La voix du vieux Maître devient consolante et autoritaire :
– Mon fils ! Si la vie se déroulait selon la volonté de chacun, les vicissitudes existeraient-elles ? Et si toutes les routes étaient faciles, sans danger ni péril, comment pourrait-on apprécier les cœurs vaillants ? Mon cher disciple, tu n’as pas encore réglé tes dettes envers cette vie. Ne t’inquiète pas, la colère et la passion, telles des phénix renaissant de leurs cendres, te réincarneront lors de ton retour à la société.
– Mais Grand Maître ! Demain sera notre séparation et je voudrais…
Il m'interrompt d'un geste de la main et claque sa langue :
– Les humains veulent vivre éternellement et craignent la mort autant qu'ils désirent être réunis plutôt que séparés, sans savoir qu'il faut mourir pour connaître la naissance et être séparé pour se réjouir du futur retour. Toi, un « bien compris », ne pourras-tu pas éviter cette voie habituelle ?
La pluie dans mon âme et le feu dans mon cœur : les deux forces, yin et yang, fusionnent en moi, m'entourant d'une épaisse torpeur. J'entends à peine la voix du vieux Maître :
– Quel est ton nom ?
Et soudain, sans attendre ma réponse, il rugit comme le tonnerre :
– À quoi sert un nom ?
Ces mots résonnèrent dans l'abîme de la dimension spirituelle, me tirant hors de l'ignorance. Je relevai la tête avec fierté. Le Grand Maître se tenait devant moi, austère et impassible, tel Lao Tseu dans une statue de marbre. Ses longs sourcils blancs tombaient comme des rideaux dans ses orbites creuses et profondes, où brillaient deux sources bouillonnantes d'énergie. Il ne lui restait plus que trois saisons des pluies, bien qu'il eût déjà traversé un siècle de sang, de larmes et de souffrances, marqué sur son corps frêle et courbé par le poids de l'existence. Il m'explique :
– Selon la physiognomonie chinoise, des sourcils de dragon, des yeux de phénix et un regard de tigre prédisent une carrière extraordinaire aussi bien dans la littérature que dans les arts martiaux : ton nom sera prononcé au-delà des frontières lointaines… Tu as un mandat à accomplir, mais éloigne-toi de la politique car elle ne fera que ruiner ton âme… Et souviens-toi que les armes de l'homme noble sont ses vertus et la vérité, tandis que celles des petits hommes sont les insultes et les intrigues.
– Mais Grand Maître ! Comment pourrais-je être à la hauteur d'une tâche si grande ?
– Écoute ! Le succès comme la défaite ne peuvent évaluer les « grands cœurs ». De plus, j’ai déjà quelqu’un en mémoire qui pourra t’apporter plus que moi en termes de techniques et de connaissances. Pour accomplir cela, dès ta libération, tu iras voir cette personne et lui raconteras une « petite histoire » (2). Il reconnaîtra ta place auprès de moi et exaucera tes souhaits. Et c’est tout !

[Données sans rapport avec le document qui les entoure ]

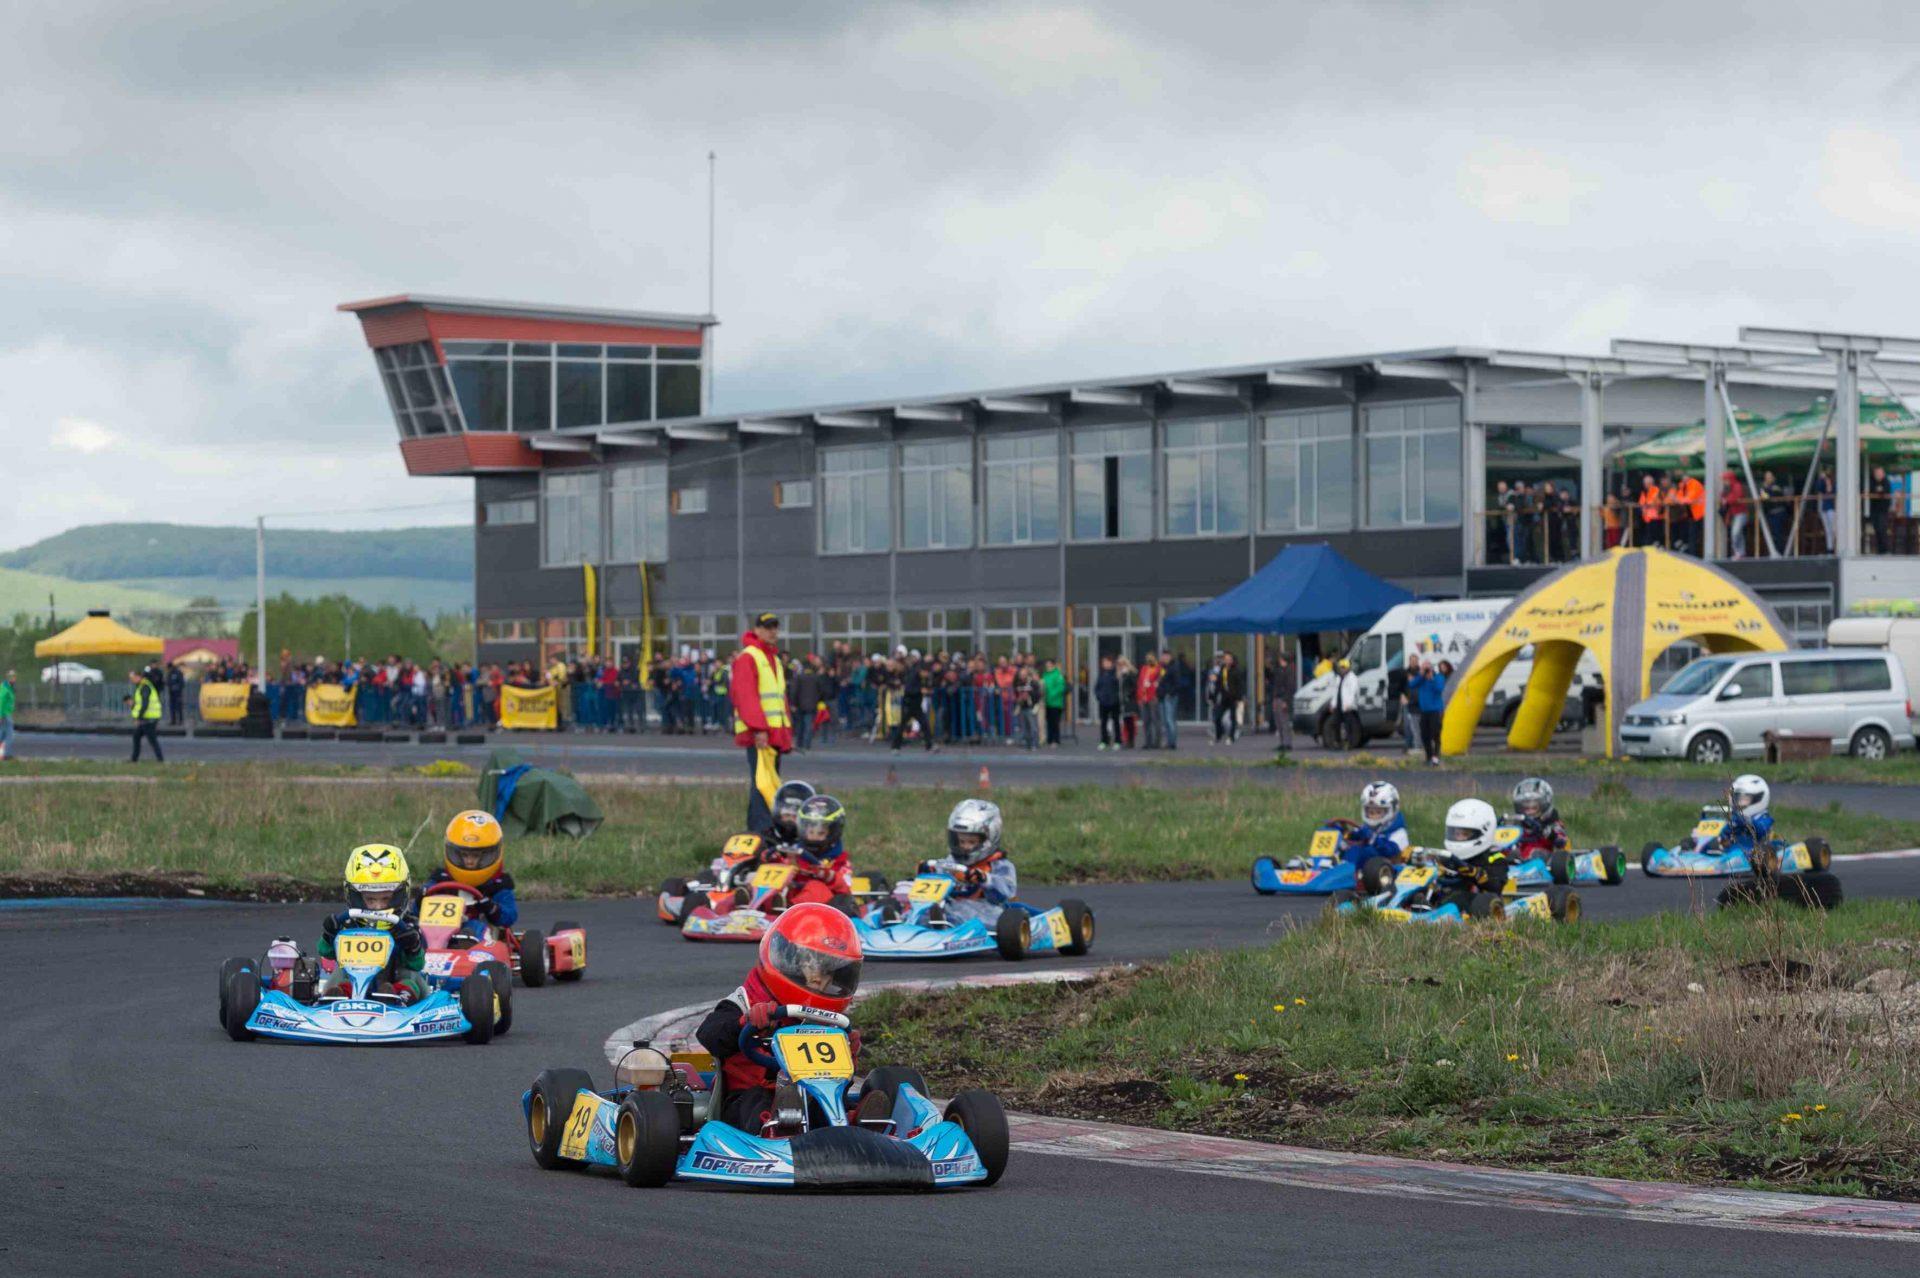 Bacaul va gazdui cea de-a doua etapa a Campionatului National de Karting Dunlop 2015
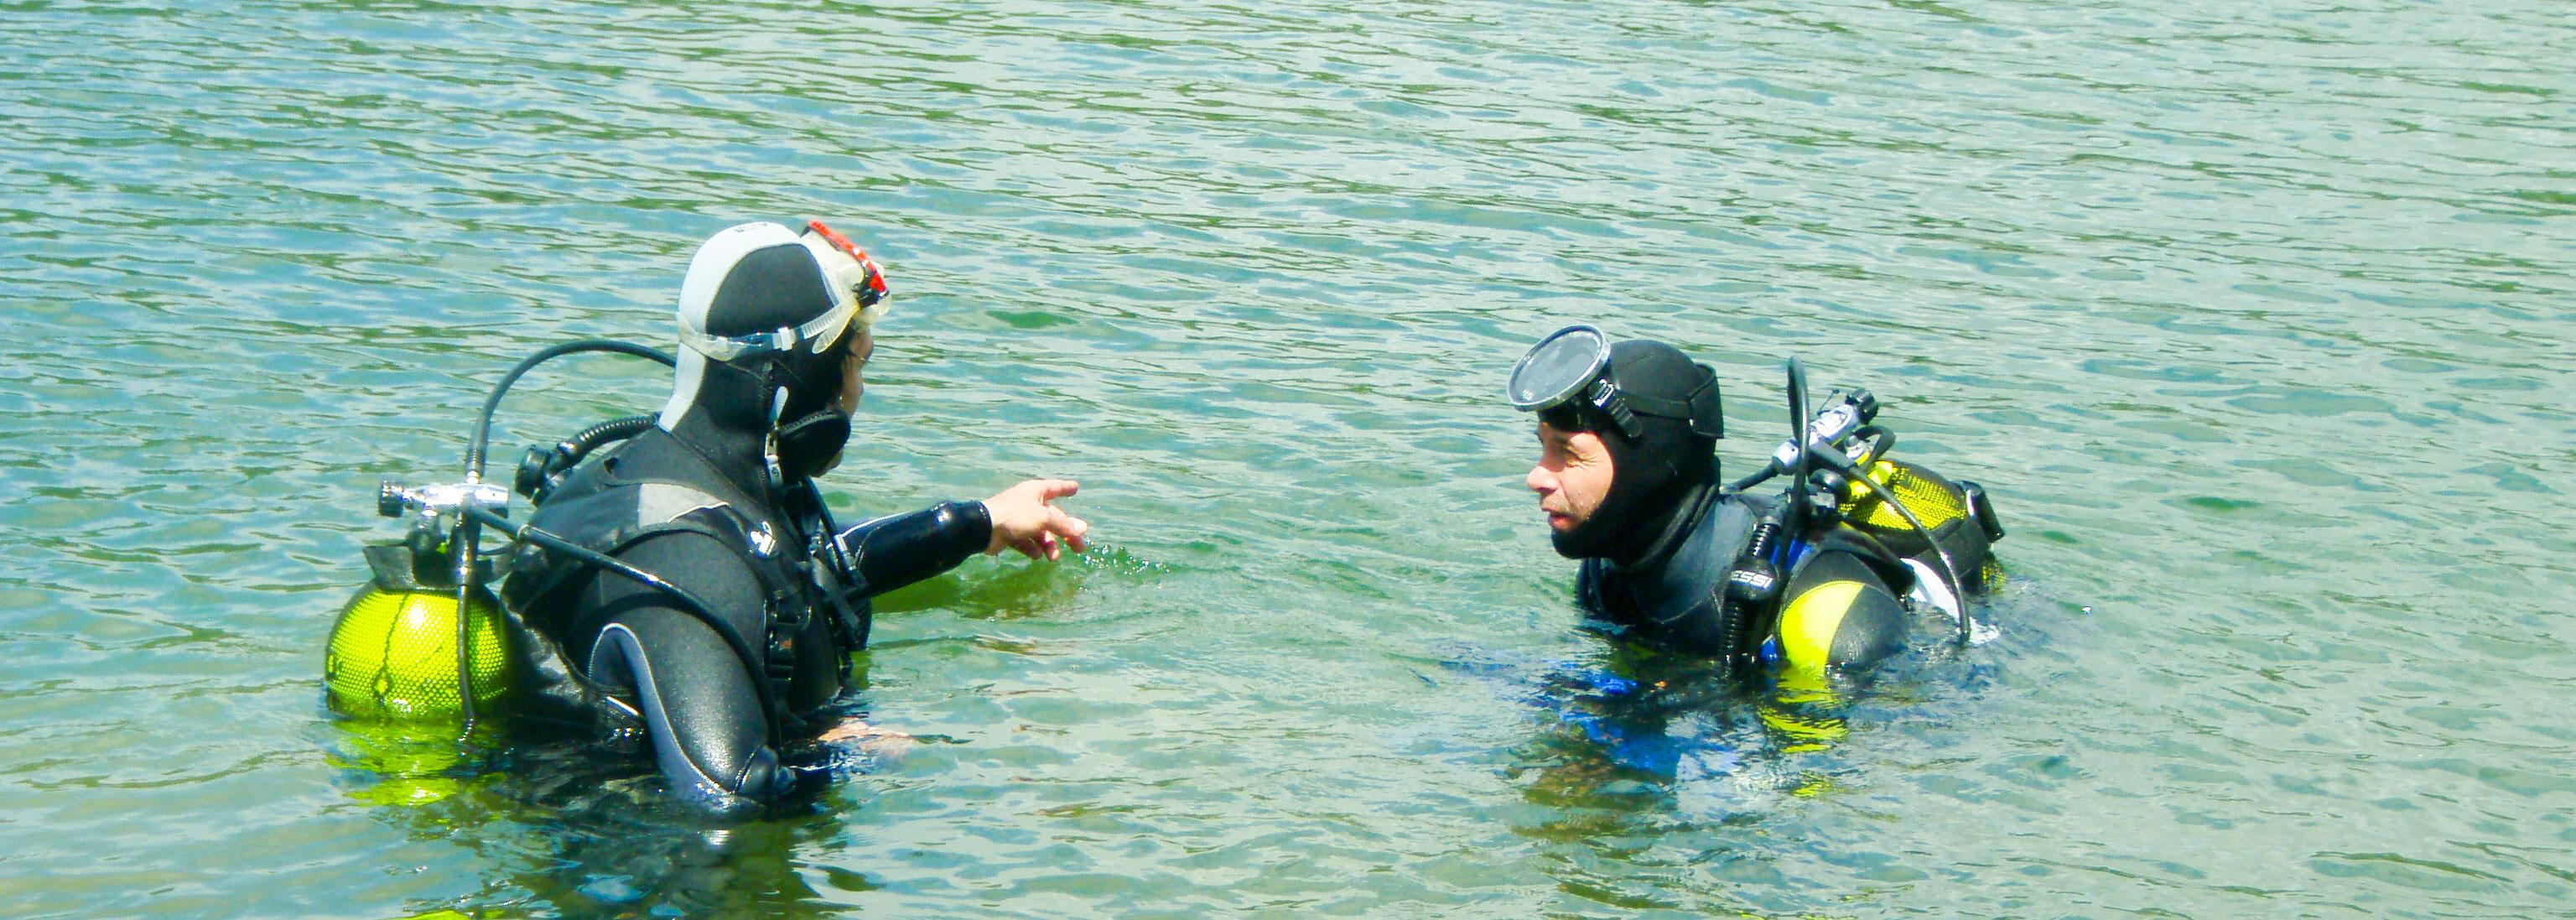 Los buzos de Paleoymás comienzan la inmersión en el río Ebro en busca de ejempñares de margaritifera auricularia u otras Nayades

Tournant sur ses talons, il me glisse un morceau de papier sur lequel sont inscrites les coordonnées de mon futur guide.
Le lendemain, alors qu'il faisait encore sombre, le vieux Maître faisait partie des centaines de détenus politiques déportés vers une région montagneuse lointaine du Nord. Derrière les barreaux de fer, je distinguais à peine sa petite silhouette parmi la foule recroquevillée par le froid du matin. Il s'éloigna lentement, sans se tourner dans ma direction, même pour une dernière fois tant attendue, sachant que je souhaitais profondément que ce ne soit pas un adieu !
À la mémoire du Grand Maître Hang Van Giai
Grand Maître Nam Anh, Montréal, le 20 août 1999.
(1) Les Royaumes Combattants : 3e siècle av. J.-C.
(2) Une « petite histoire » : Ce court récit est un dialogue entre un moine et ses deux disciples, que je n’ai compris que quelques années plus tard, avec l’aide du Grand Maître Nguyen Minh.